Hi Roger, Mark and Mandy

On 10/13/2015 03:12 AM, Mandy Chung wrote:
On Oct 12, 2015, at 12:30 PM, mark.reinh...@oracle.com wrote:

2015/10/8 1:41 -0700, roger.ri...@oracle.com:
Webrev:
http://cr.openjdk.java.net/~rriggs/webrev-cleaner-extensible-8138696/

javadoc:
    http://cr.openjdk.java.net/~rriggs/cleaner-doc2/
Roger -- thanks for taking this on.  The more we can do to get people
to stop using sun.misc APIs, the better.

A couple of comments/questions:

First, I think the approach in your first version is, well, cleaner.
+1

I started reviewing the first version and pondering on the benefits of the new 
versions.


The additional abstract classes in the second version look like a
classic case of implementation inheritance that's not subtype
inheritance, what with the overrides of the original enqueue and
isEnqueued methods to throw UnsupportedOperationException.

I understand the desire to avoid allocating too many objects, but
do we have actual use cases where that's critical?  The original
sun.misc.Cleaner has been used by both internal and external code
to do relatively heavy-weight things like unmap direct buffers and
release other kinds of native resources, which suggests that
allocating three small objects per cleaner is not a problem.

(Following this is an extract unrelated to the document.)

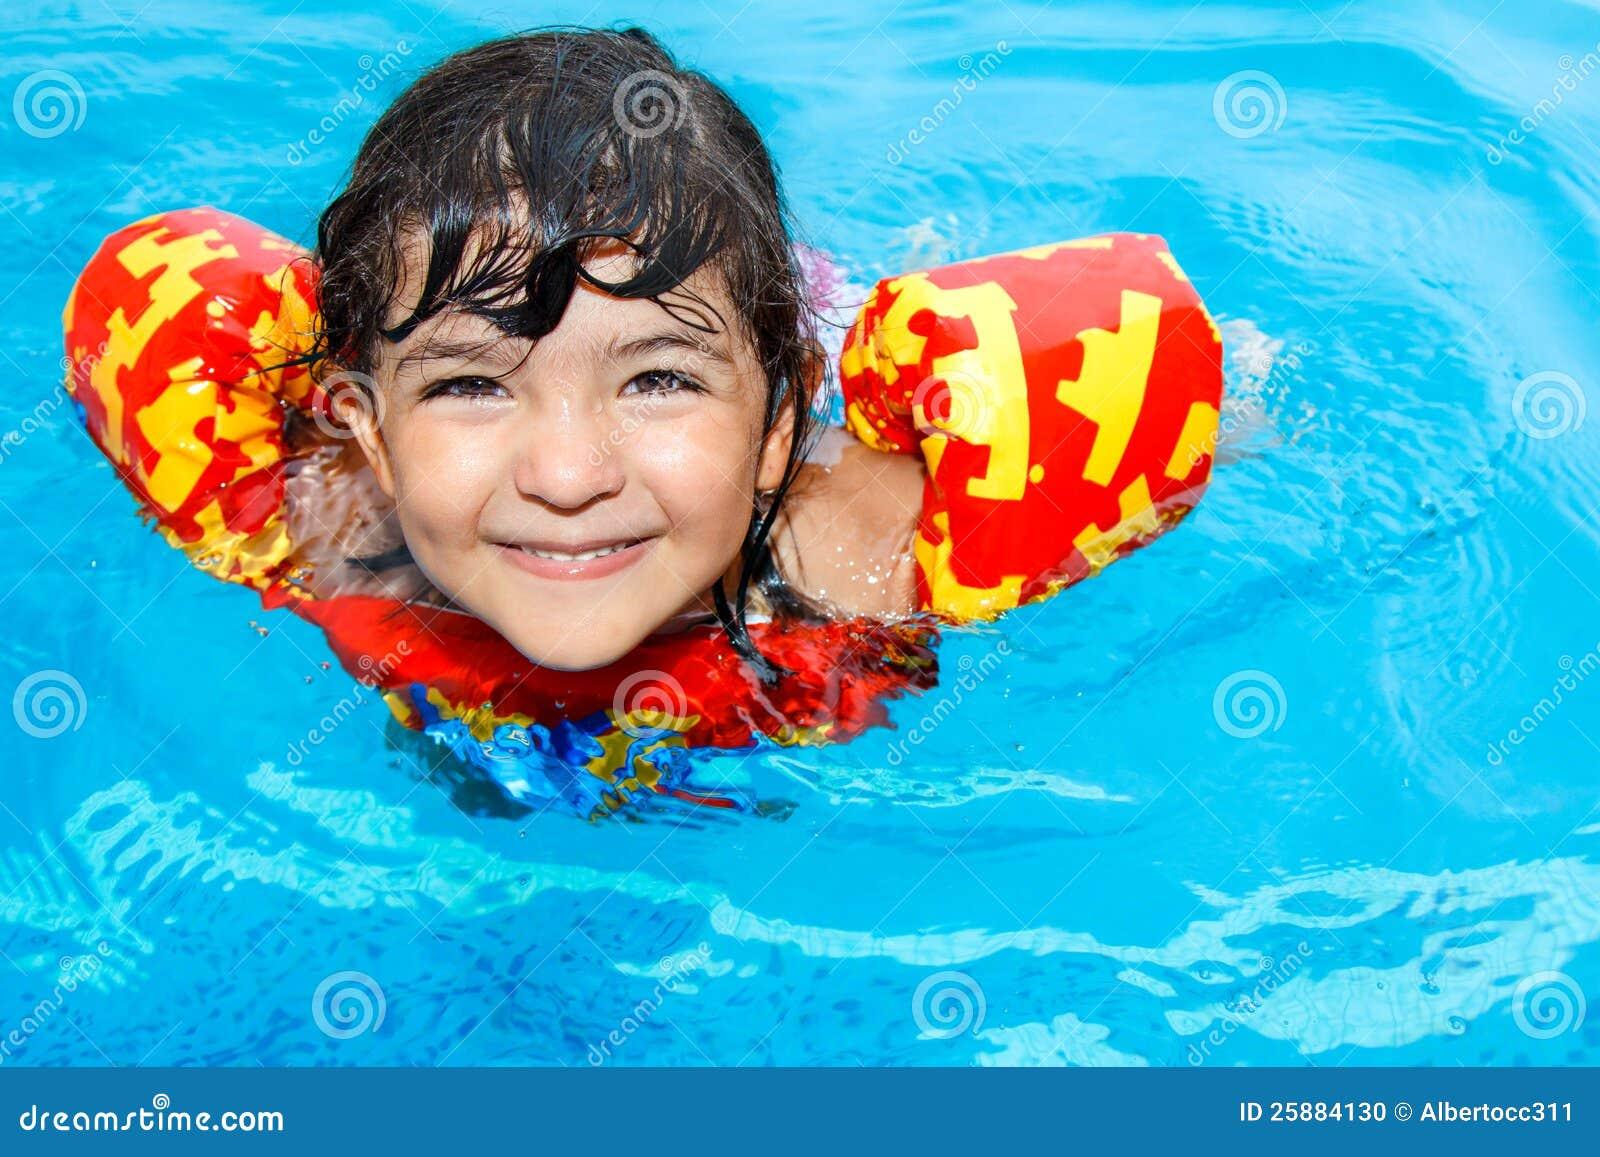 Happy little girl in pool

Second, the original sun.misc.Cleaner only handles phantom references.
What are the use cases for weak and soft cleaners?

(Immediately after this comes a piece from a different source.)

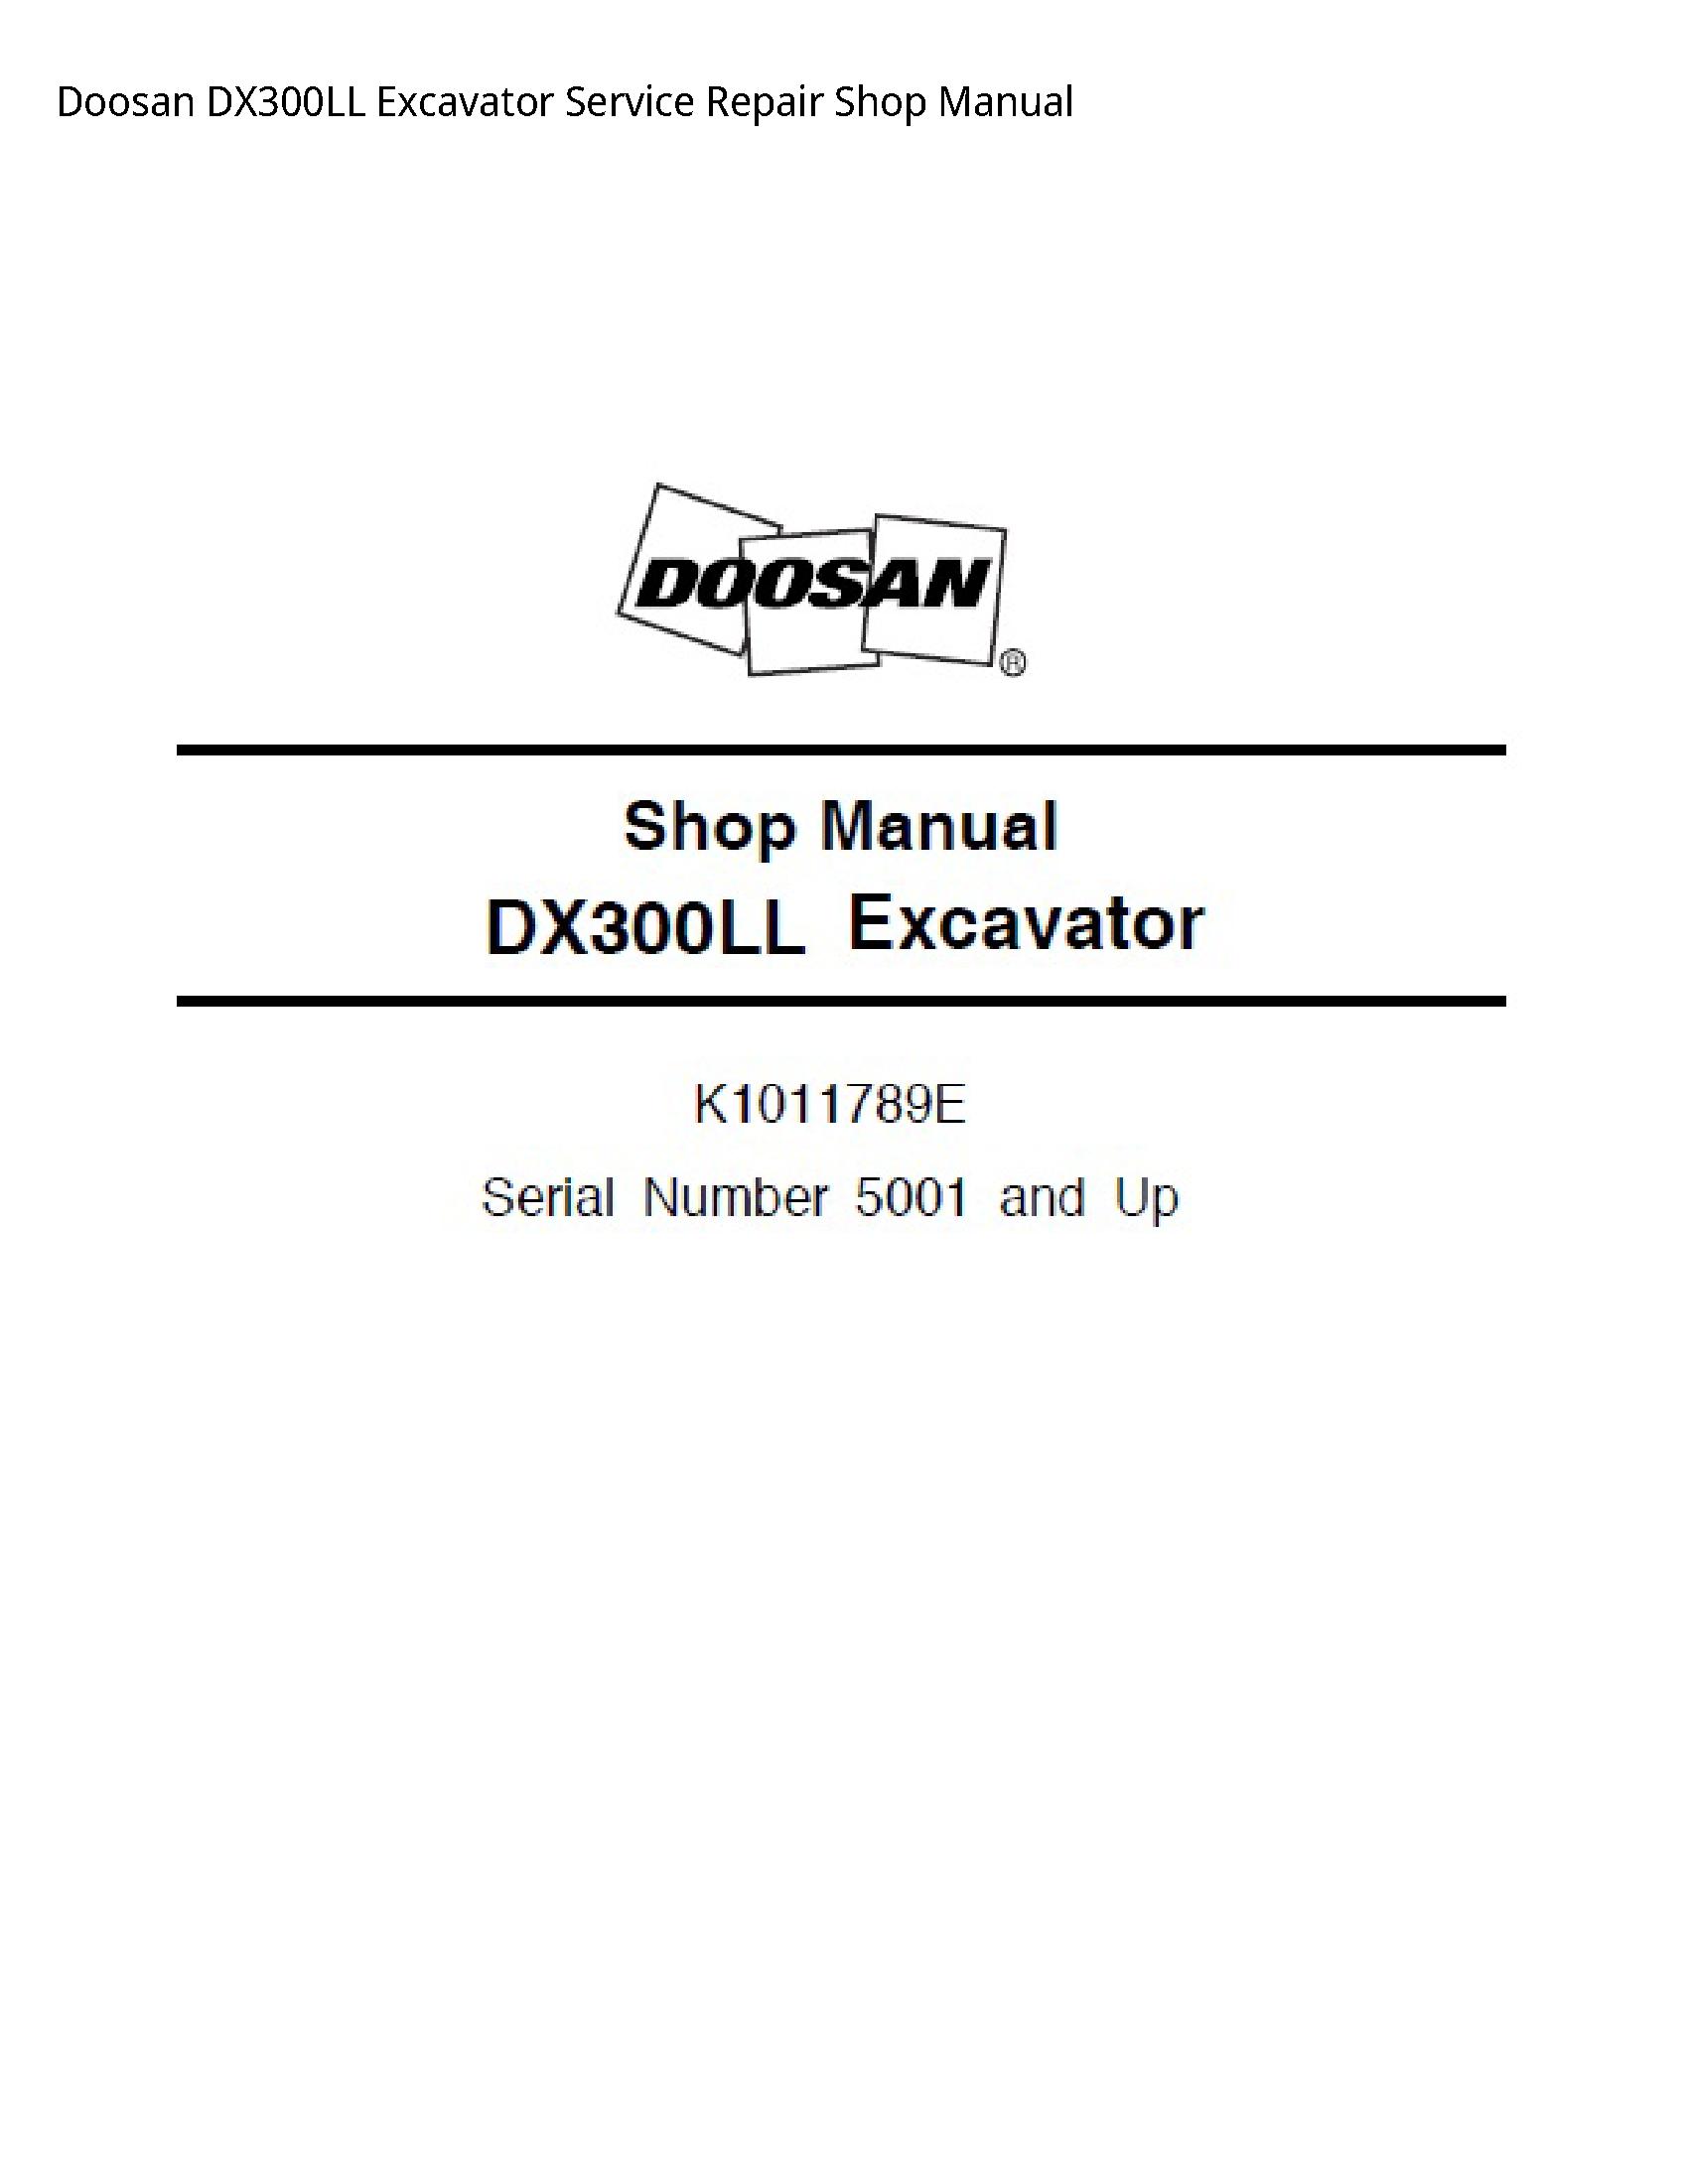 Doosan DX300LL Excavator manual

Finally, how important is it to be able to unregister a cleaner?  In
all the years we've had sun.misc.Cleaner that capability has never
been needed, and leaving it out would simplify the API.
If there is no strong need of unregister a cleaner, Cleaner API won’t need to 
return a Cleanable object which I think it’s nice and simpler.

Mandy


There is one usage of sun.misc.Cleaner.clean() in JavaFX, I think. I also think that this API could have two faces: the simple face (it might even be without returning Cleanable and only Phantom-typed to be super-simple). The other low-level face could be abstract [Phantom|Weak|Soft]CleanableReference(s) which would take a mandatory Cleaner instance in the constructors instead of a ReferenceQueue. There could also be a JDK-internal single instance of a permanent Cleaner with a background thread to be used for JDK-internal cleanup tasks. I think there are several opportunities for the low-level part of the API in the JDK:

- ClassLoader.getClassLoadingLock(String className): maintains an internal ConcurrentHashMap<String, Object> for locks - one entry per class-loading attempt. Those locks are just used briefly in most occasions and then kept in the map indefinitely. A couple of years ago I did an experiment to replace such map with ConcurrentHashMap<String, WeakReference<Object>> and it observably reduced the final footprint after starting-up an application with lots of classes. The sub-optimality of that approach was that some locks were always kept alive, since the expunging of cleared WeakReferences from the map was performed by class-loading requests and there can be long periods in an application without class-loading activity. An "active" auto-cleanable WeakReference would off-load the expunging activity to a background thread which would make sure to remove *all* cleared references from the map.

- A couple of months ago I did a successful experiment in refactoring File[Input|Output]Stream and RandomAccessFile to use a Cleaner-like API instead of finalize() method. It was based on the premise that there is an on-demand cleaning method like Cleaner.clean(), which was called as part of the last close() on the FileHandle.

[Phantom|Weak|Soft]Reference(s) are not something an average application programmer uses every day. It's more for constructors of middle-ware I think. And those are the programmers that are not afraid of lower-level APIs. They do care for flexibility of the API.

But if the low-level API is not something that you are comfortable to expose to users, could it at least be used internally? Simply moving the public [Phantom|Weak|Soft]CleanableReference(s) to an internal package (like java.lang.ref.internal)?